# 400.7, 400.8, vs. 410.30(C)? 2005NEC



## steveray (Mar 7, 2013)

Open ceiling retail store...wants to run SO cord from luminaire to luminaire for all of their exposed lighting....400.7 seems to allow it #(2), 400.8 makes it a little wishy washy IMO with not as a substitute for fixed wiring and not attached to building structure......410.30© says listed and/or  plug...

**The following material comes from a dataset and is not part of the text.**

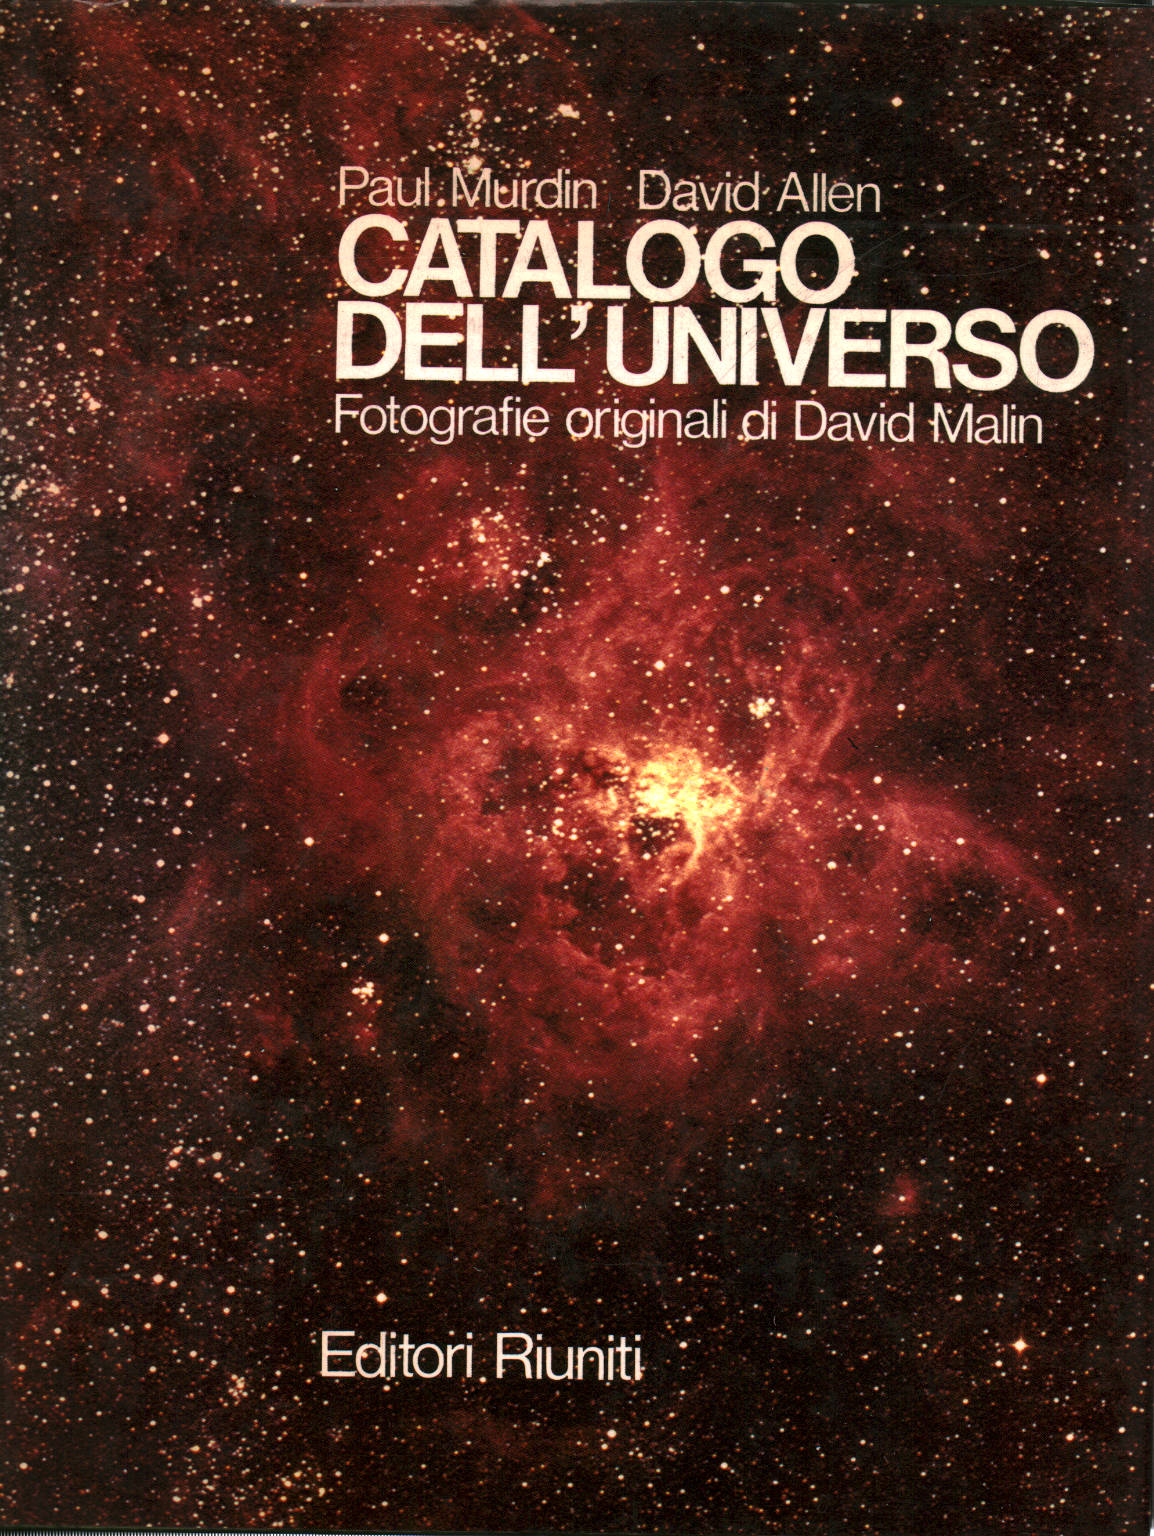 Catalogue de l'Univers, s.un.

Anyone have some input or guidance?

Thanx!


----------



## Gregg Harris (Mar 7, 2013)

steveray said:
			
		

> Open ceiling retail store...wants to run SO cord from luminaire to luminaire for all of their exposed lighting....400.7 seems to allow it #(2), 400.8 makes it a little wishy washy IMO with not as a substitute for fixed wiring and not attached to building structure......410.30© says listed and/or  plug...Anyone have some input or guidance?
> 
> Thanx!


400.7 (2) allows it the other two do not apply


----------



## Gregg Harris (Mar 7, 2013)

Gregg Harris said:
			
		

> 400.7 (2) allows it the other two do not apply


Sorry, 410.30 does apply provided

© Electric-Discharge Luminaires (Fixtures)  See related ROC

(1) Cord-Connected Installation A listed luminaire (fixture) or a listed assembly shall be permitted to be cord connected if the following conditions apply:

(1)The luminaire (fixture) is located directly below the outlet or busway.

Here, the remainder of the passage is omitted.